AW: Tool proposal for helping run and monitor the ASF Infra Services

Posted by Christofer Dutz <ch...@c-ware.de>.
Hi Chris,

I knew that someone asked exactly the "how does it compare to datadog" question somewhere. Here's the link to that mail thread https://news.ycombinator.com/item?id=12147219

And I can confirm the shortcomings of the time series approach, cause in jenkins, I'd say about 70% of recent failures of flex builds were due to timeouts when uploading Maven artifacts to nexus. The current solution doesn't seem to detect that. Not only that I couldn't see any hipchat notifications. The infra guys always had to start looking for the real reason of the timeouts as nexus wasn't having any problems at all.
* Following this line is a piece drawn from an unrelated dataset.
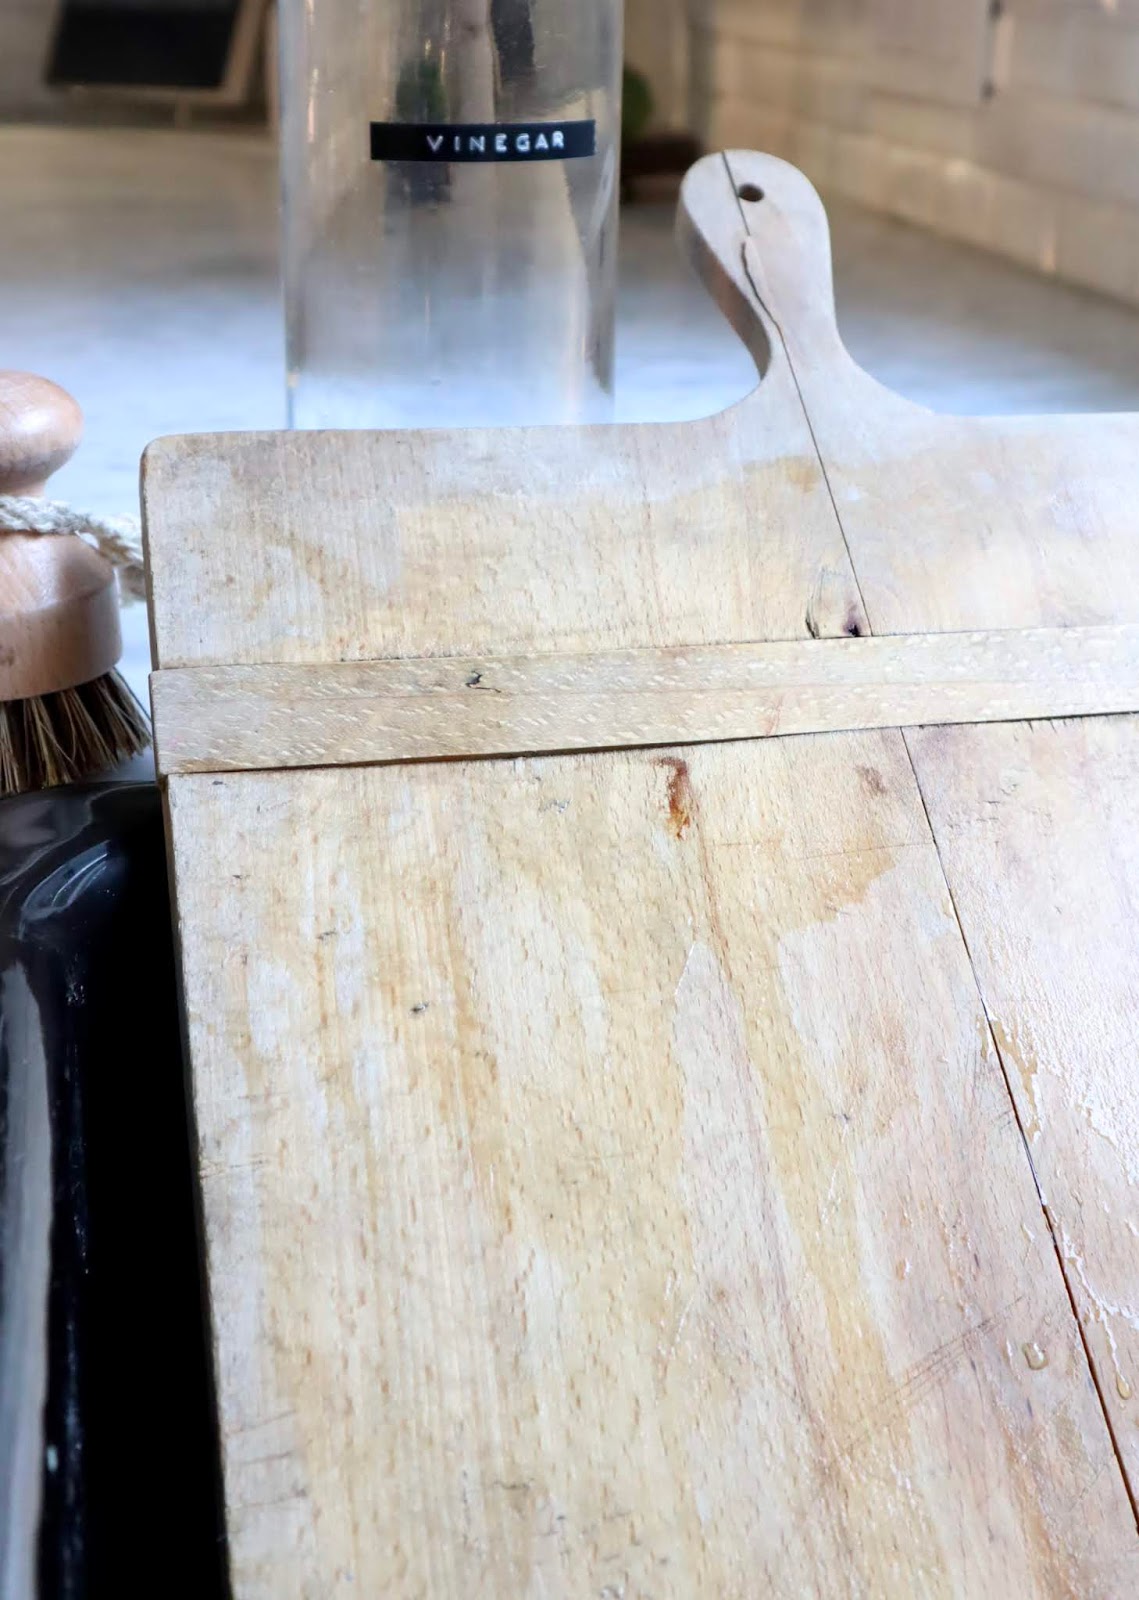 How to disinfect wood cutting boards

And I really live the feature of tracking down the response time for one service back to other servers to find it the real reason for a system being slow (have a look in the presentation for this. There's a great slide on this)

Chris


Von meinem Samsung Galaxy Smartphone gesendet.
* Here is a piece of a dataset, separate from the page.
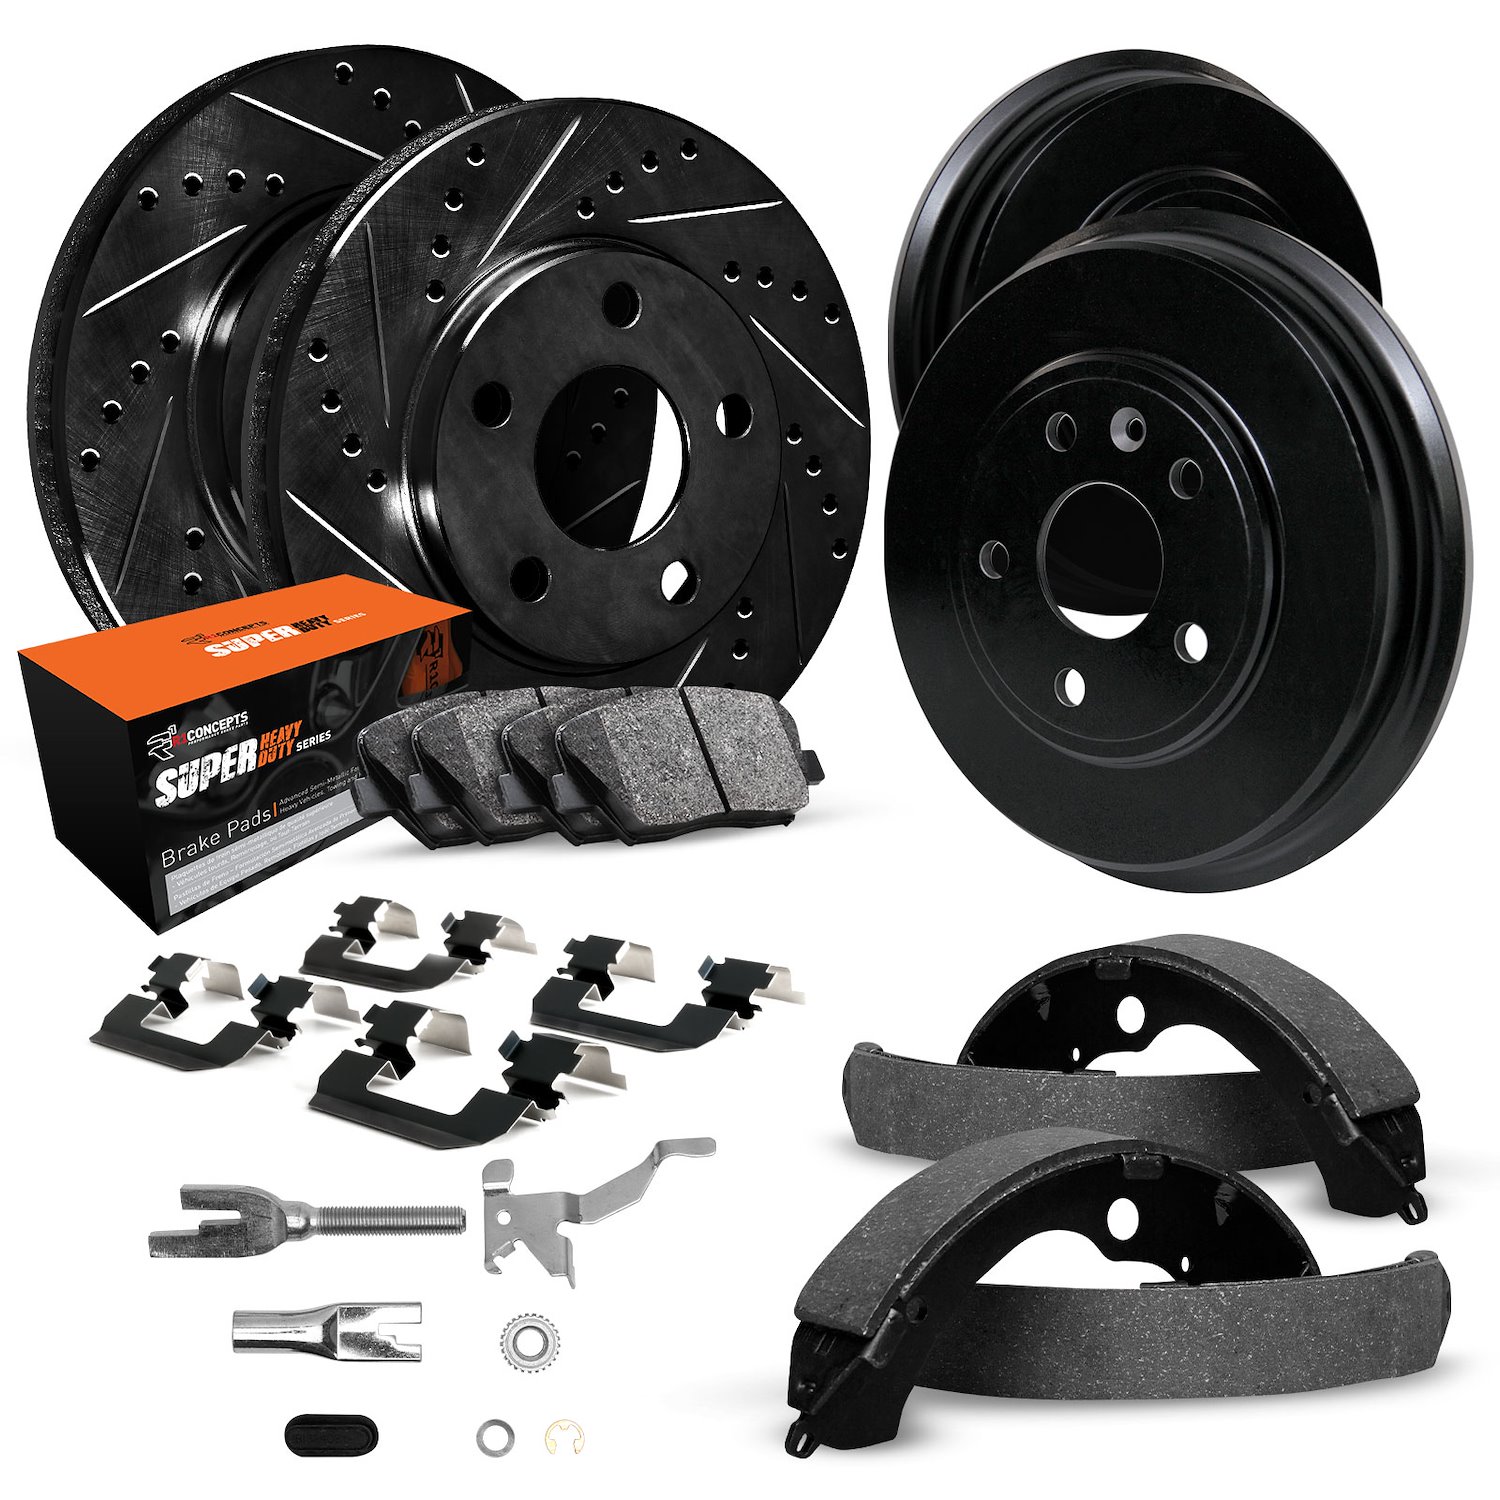 E-Line Drilled/Slotted Black Rotor & Drum Set w/Super-Duty Pads, Shoes, Hardware/Adjusters, 1992-2000 GM

-------- Ursprüngliche Nachricht --------
Von: Chris Lambertus <cm...@apache.org>
Datum: 19.08.16 07:03 (GMT+01:00)
An: infrastructure-dev@apache.org, Christofer Dutz <ch...@c-ware.de>
Cc: mirko.novakovic@codecentric.de
Betreff: Re: Tool proposal for helping run and monitor the ASF Infra Services



Hiya Chris,

Thanks for the info and the legwork on this. We currently use DataDog, which is very similar to what Instana appears to provide — an agent-based monitoring solution that gives us that kind of look into our infra. We also have a number of internal tools that report on various goings-on as well. You might see some of this in #asfinfra on hipchat from SNMP2HipChat. DataDog also reports various problems there, as does our monitoring via PingMyBox.

Since you’re not root@, you may not see some of the stuff that we see, but I think by and large, the majority of the monitors do direct to #asfinfra. Have you noticed gaps in the monitoring? Since we moved to DataDog, we’ve been quite happy with the resolution and metrics we’ve been able to get. It’s been on my back burner for awhile to expose some of our DD dashboards as public, but for right now it’s somewhat limited access. In the interests of transparency (but not at the expense of security,) I’d be happy to work with you to expose more of this, and I’m happy to address any questions or concerns about shortcomings in our monitoring.
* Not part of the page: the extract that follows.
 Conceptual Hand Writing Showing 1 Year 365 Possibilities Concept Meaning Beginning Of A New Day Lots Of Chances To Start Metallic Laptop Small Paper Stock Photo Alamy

Many thanks to Instana for offering the ASF free services! I’d definitely like to hear more about what they might be able to offer on top of what we already get from DataDog. I’ll take a look at the info you sent out. Please feel free to follow up with me directly, either via email or hipchat.

Cheers,
-Chris




> On Aug 18, 2016, at 2:13 AM, Christofer Dutz <ch...@c-ware.de> wrote:
>
> Hi,
>
>
>
> I have been on the Infra Hipchat for a few weeks now while trying to migrate the Flex project to Maven and back to the ASF Infra build system. Thanks for your support in this and even more thanks for the trust in granting me access and Admin rights on the windows1 build agent.
>
>
>
> In the chat I observed the daily work of you guys, having to maintain quite a zoo of all sorts of different systems on different platforms. Some problems you were having seem quite easy to track down ... if the hard disk is full, you clean up. But not all problems are that easy to track down. Thinking of the problems with repository.apache.org ... here the cause was the proxy being flooded with connections (I think this was the case) ... regular restarts of this helped temporarily, but I don't think that helps on the long term as no one had an idea why those connections were hanging there in the first place.
>
>
>
> A few years ago the company I work for - codecentric - have founded a company called Instana. They are developing an agent based system for monitoring IT infrastructure. In contrast to most established solutions, they use machine learning strategies to analyze the root cause for problems. While you can probably achieve similar results with normal tools, the problem is that you need a very detailed domain knowledge to do so and in a regularly changing environment you need to continuously keep adjusting your metrics. Instana does this automatically. I think you can imagine how tricky it is to follow the root cause for bad response times through a network of interconnected services.
>
>
>
> Investing almost all of my free time (and a lot of my paid time) for Apache, noticing a lot of the problems you have to deal with every day, I asked Instana if they would be willing to provide their service to the ASF for free and they agreed and immediately setup a dedicated instance.
>
>
>
> I wanted to try the thing out as I would prefer to grab a few beers with you at ApcheCon in Cevillia and not get punched in the face for recommending something bad ;-) ... so I tried this on my private Server playground. I unpacked and started the agent and the host appeared on the web console and reported the problems it was having (ones I didn't even know about) as well as other systems it communicates with ... as soon as I added agents on these machines the analytics started doing their work across system and I built up a map view of my services and their correlation. So it's really a system that needs almost no configuration at all :-)
>
>
> I uploaded the internal product presentation here: https://public.centerdevice.de/1a9dc4ed-515e-482e-9fd6-6d60a5562598 (please don't share this outside of the ASF)
>
> Please use the password: 4p4cheR0cks (I'll remove that document in about two weeks)
>
>
> By the way ... the screenshots in the presentation are real ... I was amazed of seeing a 3D web UI in production for the first time ;-)
>
>
>
> So if there is any interest in this offer, I would be more than happy to provide credentials to you and assist you in getting started, so you could easily try it out. The guys at Instana would also be delighted to give you guys an online demo and answer any questions you might be having. Feel free to conatact Mirco directly for this: mirko.novakovic@codecentric.de
>
>
>
> Chris


Re: Tool proposal for helping run and monitor the ASF Infra Services

Posted by Chris Lambertus <cm...@apache.org>.

Hiya Chris,

Thanks for the info and the legwork on this. We currently use DataDog, which is very similar to what Instana appears to provide — an agent-based monitoring solution that gives us that kind of look into our infra. We also have a number of internal tools that report on various goings-on as well. You might see some of this in #asfinfra on hipchat from SNMP2HipChat. DataDog also reports various problems there, as does our monitoring via PingMyBox.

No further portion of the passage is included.